Alright, let’s say you have a pretty big database. I’m talking, like, 100GB for a medium sized table here. (Some tables in excess of 3TB!)
Now let’s say that you’re going to be sharding this dataset. I’m not going to
cover sharding itself in this post, but the concept is pretty simple: we want
to split the data out across multiple servers in an easy to look up fashion. In
this scenario, we’re going to split the data up 1024 ways and do the lookup by
modulo hash of userId.
You’re now faced with a multipart problem: How do you export all this data, split it up for all the shards, and then load it where it is supposed to go?
Typically, you’re going to see the advice to use mysqldump. Don’t. It’s not
going to work. For starters, there can be a lot of issues with it timing out,
making sure it doesn’t lock things it shouldn’t, and some other problems.
Primarily, however, it’s default export is SQL statements – and SQL statements,
while they can be fast to load, they are not the fastest way to load data.
Instead, you should use the SELECT INTO OUTFILE command. It will look
something like this:
SELECT
userId, username, hashedPassword, secretData
INTO OUTFILE '/path/to/users.csv'
FIELDS TERMINATED BY ',' OPTIONALLY ENCLOSED BY '"' LINES TERMINATED BY '\n'
FROM schema.users;
This will create a standard ‘ol CSV file. However, there’s a problem here. That
secretData column is a binary field with encrypted (or any kind of binary)
data. Binary data can contain any set of characters, including problem
characters like \n or " which will ruin the format of the CSV file and lead
to lost data. Not to mention that most systems expect CSVs to be ascii
plaintext.
So, how do you export this data in a sane CSV? Turns out it’s pretty easy,
just hex() the binary values:
SELECT
userId, username, hashedPassword, hex(secretData)
INTO OUTFILE '/path/to/users.csv'
FIELDS TERMINATED BY ',' OPTIONALLY ENCLOSED BY '"' LINES TERMINATED BY '\n'
FROM schema.users;
This will convert the binary data into its hexidecimal representation which, in turn, creates a perfectly acceptable CSV file.
Now that we have every row exported, we need to split the data up acording to
which shard the row of data will ultimately reside in. So, in our case, if a
row belongs to userId=584685 that means 584685 % 1024 = 1005 the record
should go to shard 1005 (of 1024 total). We need to evaluate every record in
the CSV and put that line into a different CSV which contains records for
the given shard.
I toiled on this for several days, mostly trying to add multi-threading to the
process. Ultimately, however, diskio is the limiting factor and your disk will
never out-perform your CPU. (Maybe you could put this file into /tmpfs and
multi-thread it, but it’s really not worth it.)

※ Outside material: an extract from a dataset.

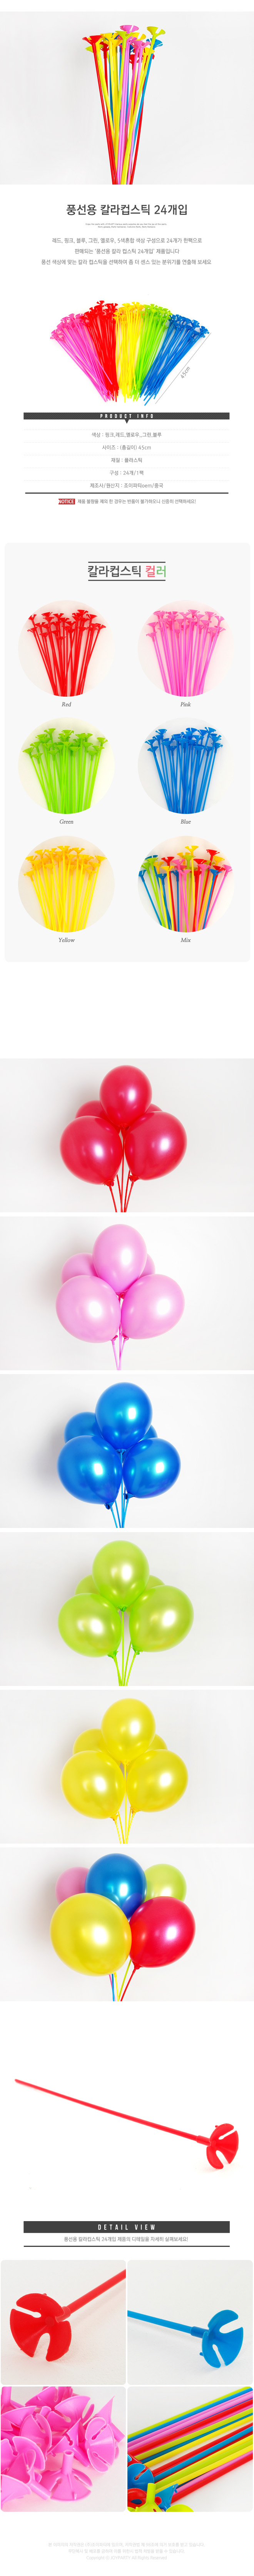 balloonst24p_roll_copy1.jpg

So, in order to read the file, parse it, and dump each record into the
appropriate CSV file we turn to the incomprehensible awk linux tool:
awk -F, '{x=sprintf("%.4d", $1%1024); print > x".csv" }'
In short, what this does is pull the first column of data (split by commas),
modulo against 1024, set that to the variable x and then appends the whole
line to x.csv. The sprintf is there so we get 0090.csv instead of 90.csv
which is a bit nicer when listing the files.

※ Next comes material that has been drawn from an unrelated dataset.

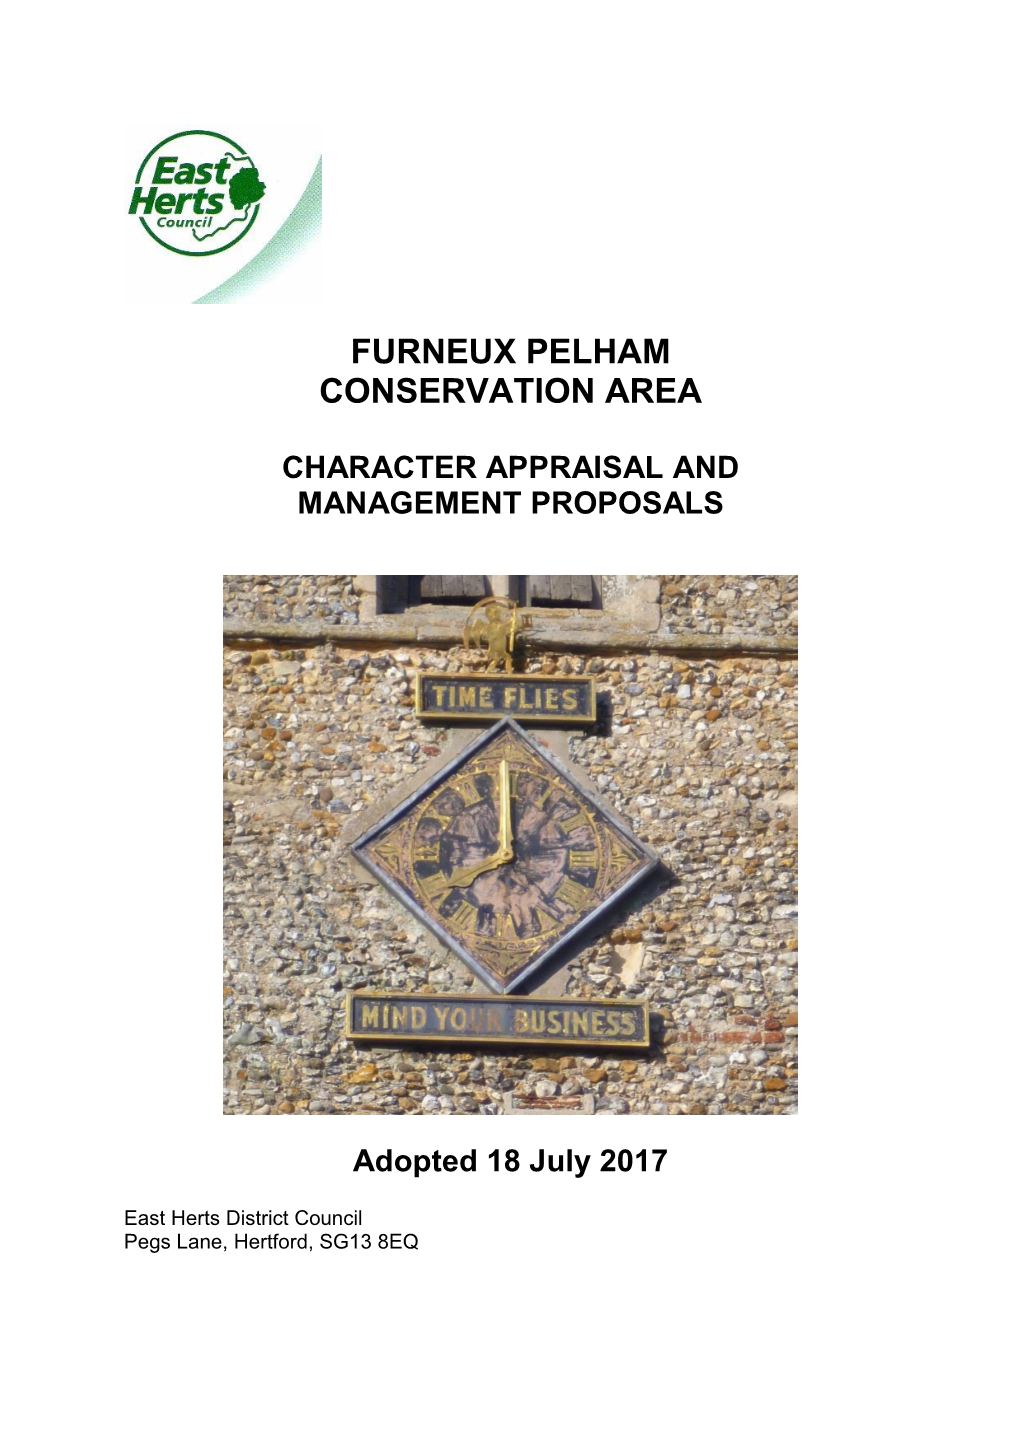 Furneux Pelham Conservation Area Appraisal

Now, awk will happily run this until it finishes, but as it can take a very
long time to run, I highly recommend you install the pv utility and run the
command like this to get visual progress bar and ETA:
pv /path/to/users.csv | awk -F, '{x=sprintf("%.4d", $1%1024); print > x".csv" }'
Finally, run these commands in a screen session so if you lose your SSH
connection all is not lost.
Great, you’ve got the data all split out, but if you do a normal LOAD DATA INFILE
that hex()d data isn’t that you actually want in the column. Fortuneately,
LOAD DATA INFILE has a trick which lets us get the data imported in the
correct format:
LOAD DATA LOCAL INFILE '/path/to/shard.csv'
REPLACE INTO TABLE schema.users
FIELDS TERMINATED BY ',' OPTIONALLY ENCLOSED BY '"' LINES TERMINATED BY '\n'
userId, username, hashedPassword, @secretData
SET secretData = unhex(@secretData);
This is an interesting extra little feature of LOAD DATA wherein you can
specify each portion of the CSV to go into a column or into a variable. You
place the hex()d data into the @secretData variable and then use the SET
portion of the command to unhex() the value into the secretData column,
thus restoring your binary data.
Getting these CSV’s loaded into each shard, reader, is an exercise I leave in
your hands. I will say some loops, shell commands, and LOAD DATA LOCAL INFILE
are your friend.
The previous data migration system was a program that SELECTed rows on one
connection from the source, then used a separate connection to the target
to insert them. This method, for the 100GB table had an ETA of over 120 days.
The dump/split/load method worked in a grand total of 12 hours. Most of that
time (~10.5 hours) was spent on the splitting of the file itself. The dump took
40 minutes and the (parallel) load another 45.